Georg Carle, Sebastian Zander, Tanja Zseby
GMD FOKUS; Global Networking (GloNe)

Traffic engineering and validation of service level agreements (SLAs) require measurement of quality of service parameters such as delay in specific sections of the network. Due to frequent asymmetries of forward and backward paths, in many cases the measurement of one-way metrics is required.
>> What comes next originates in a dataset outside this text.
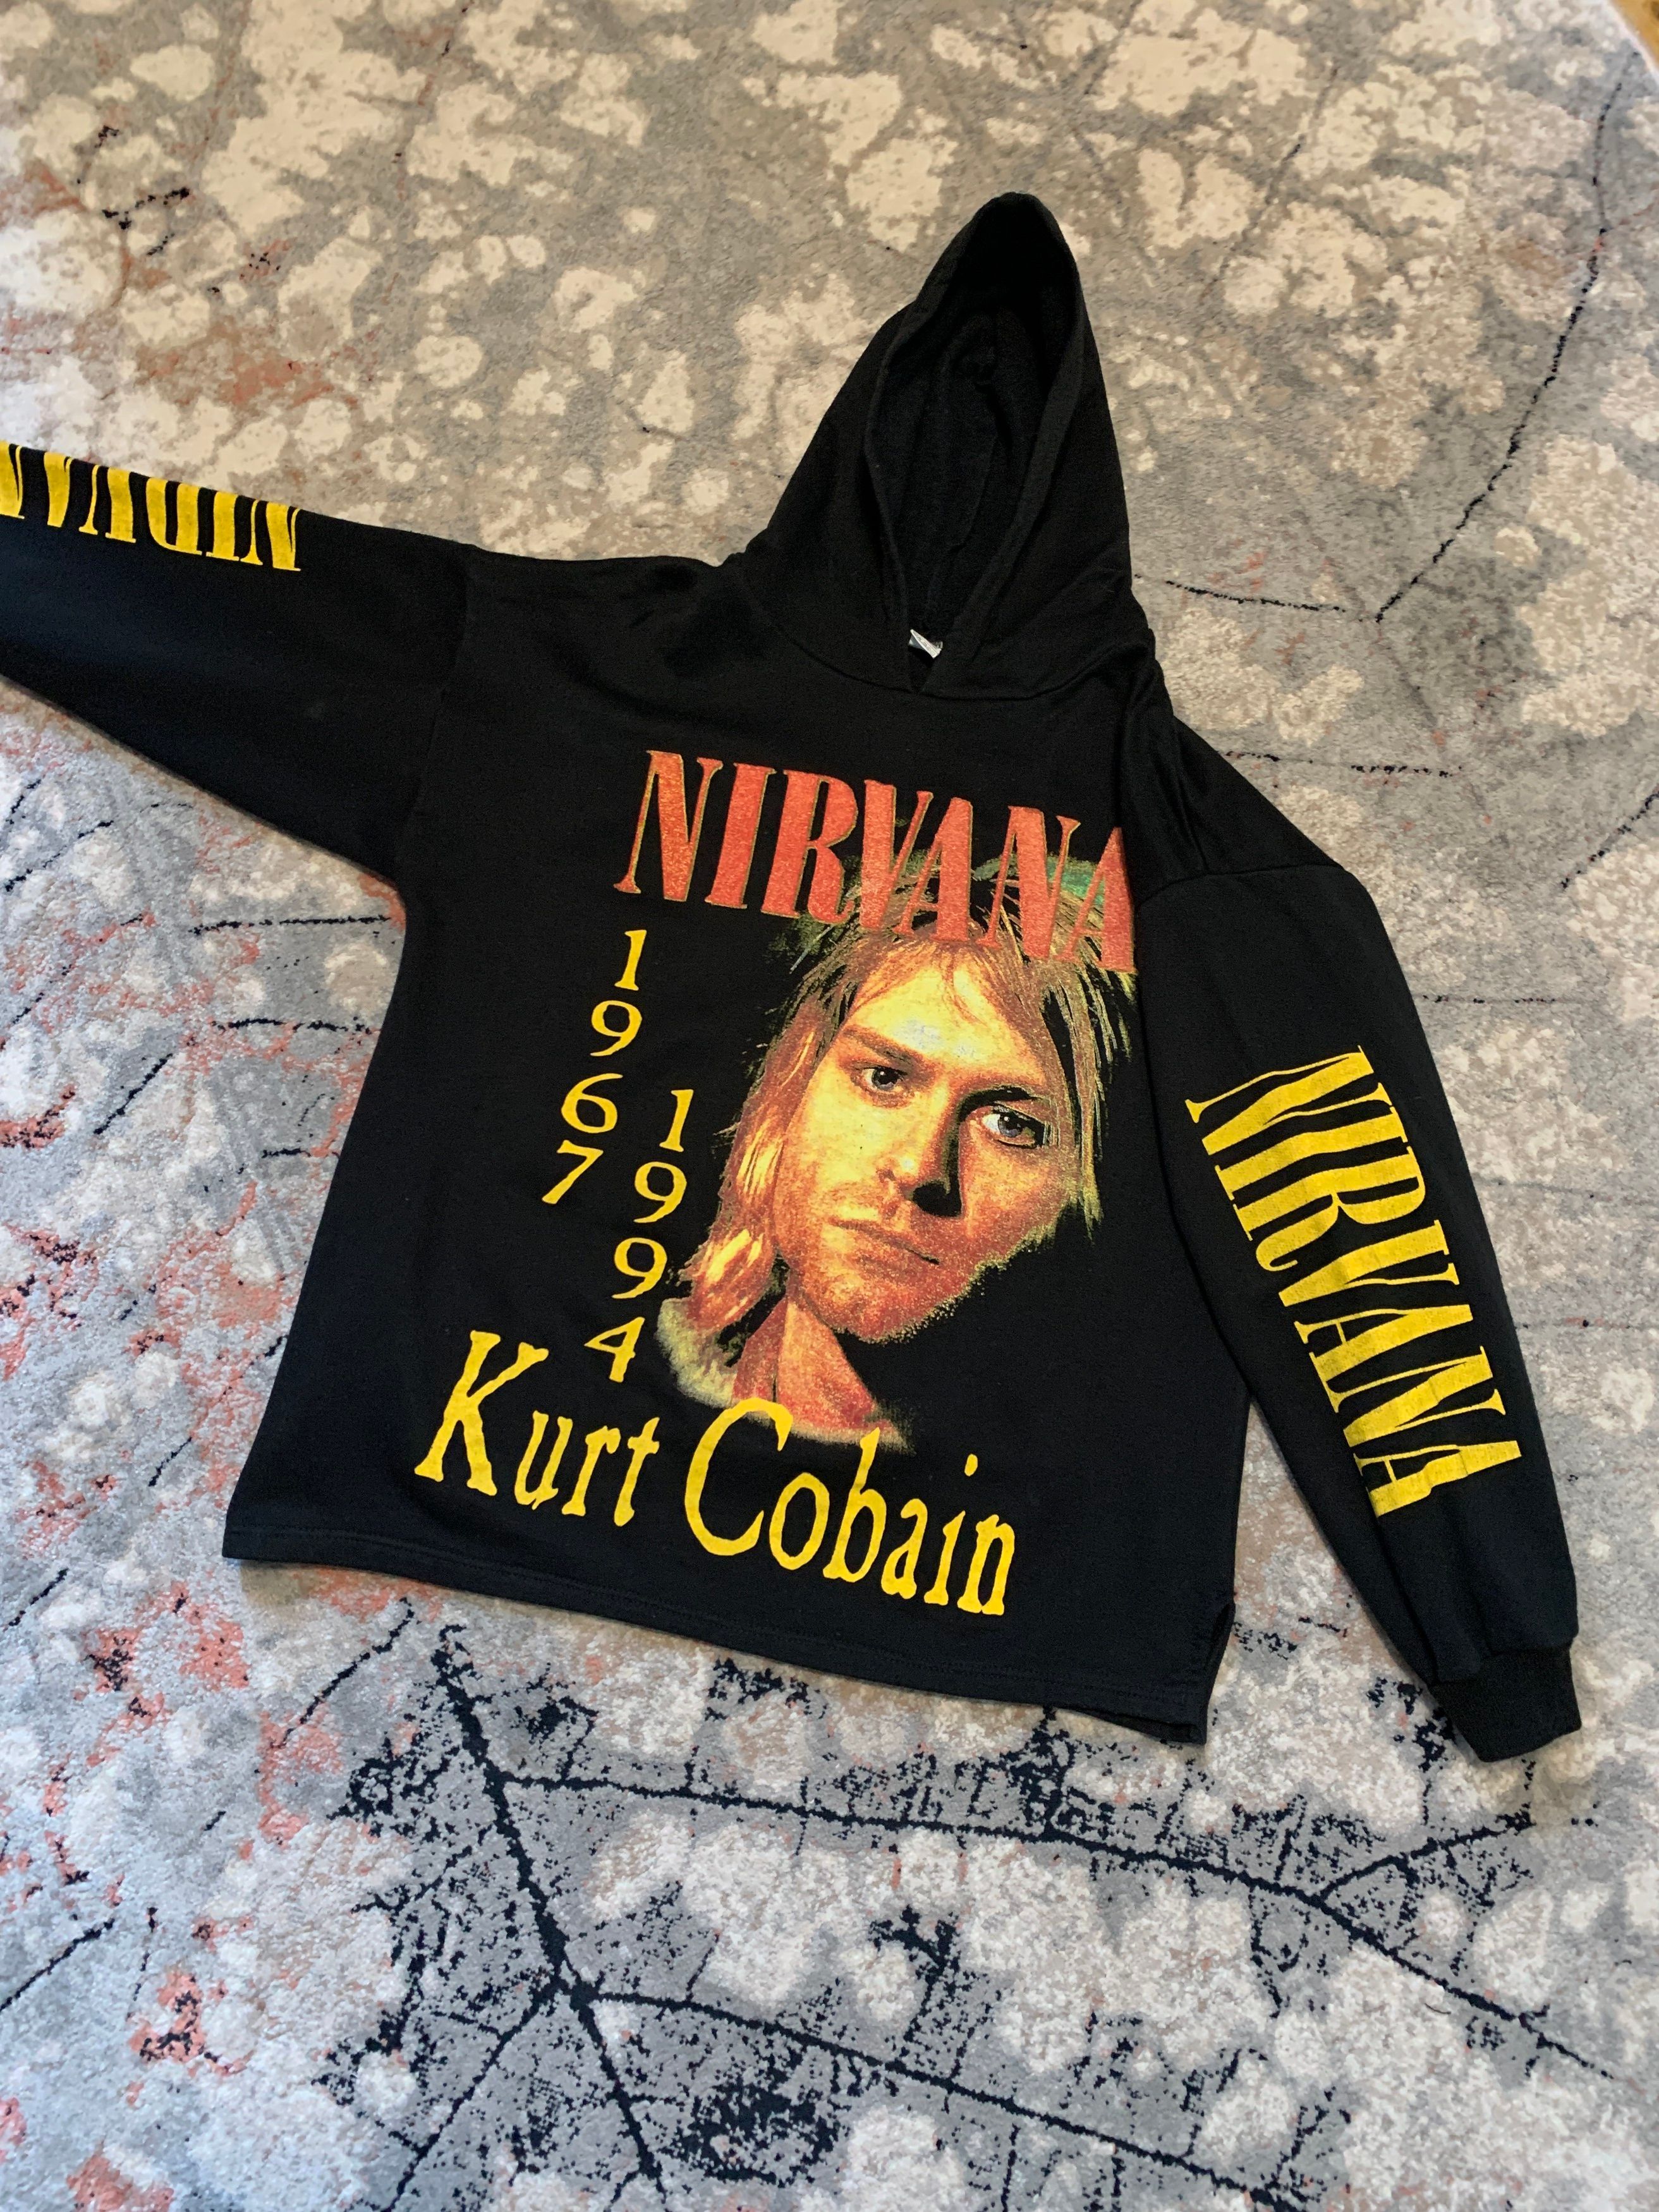 Vintage Nirvana Kurt Cobain 1967-1994 Vintage Bootleg Hoodie Size US S / EU 44-46 / 1 - 1 Preview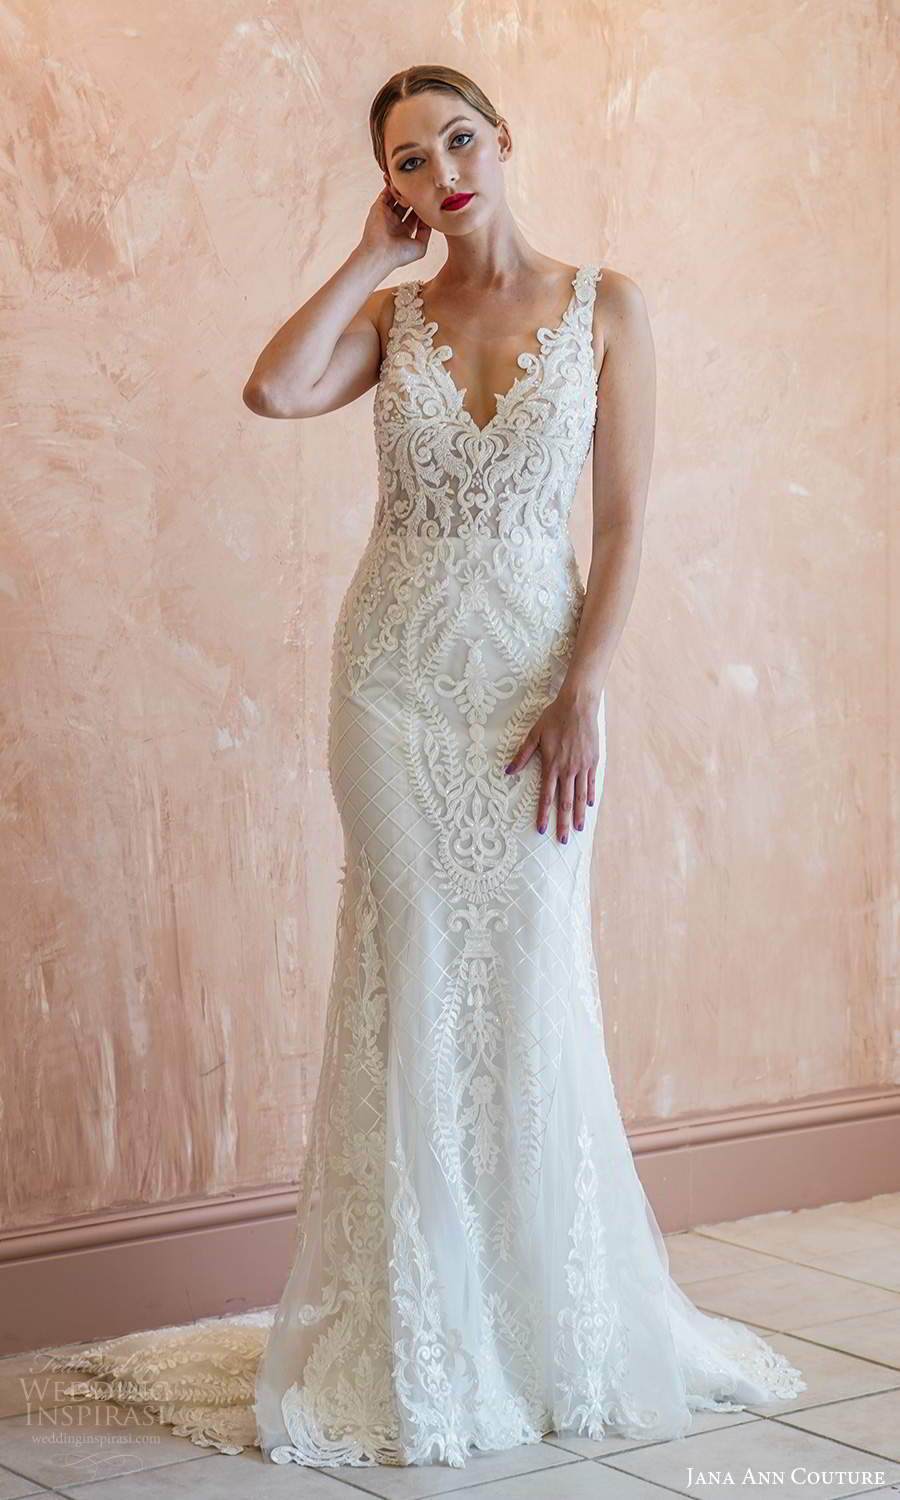 jana ann couture 2021 bridal sleeveless straps v neckline fully embellished sheath wedding dress chapel train (13) mv

Active measurement methods, which allow to survey large parts of the Internet with a high precision, is an active research area (see, e.g., [PaAM00], [KaZe99], [PaMA98], [UiKo97]). Active measurements rely on sending of test traffic through the network. The approach has the disadvantage of generating additional load on network links and routers, which can significantly affect the measurement results. Active measurements have additional disadvantages, as test traffic may bother intermediate providers especially if test traffic is not recognizable as such, and as it may lead to additional costs in case of usage-based charging.

In contrast, passive measurements are based on already existing traffic in the network. While passive methods may lead to additional traffic as a result of the measurement, these methods avoid the negative impact of test traffic. At the same time, passive measurements lack the advantages of test traffic generated by active methods, as the test traffic leads to controllable experiments, where pre-defined traffic patterns suitable for the measurement goals are sent over the path of interest. Nevertheless, for some applications (e.g. SLA validation, traffic engineering) the measurement goal is to provide performance results for the treatment of real customer traffic. The traffic of interest is already present in the network. In this cases the measurement goal can be achieved efficiently by passive measurements avoiding the effort and the disadvantages of sending test traffic.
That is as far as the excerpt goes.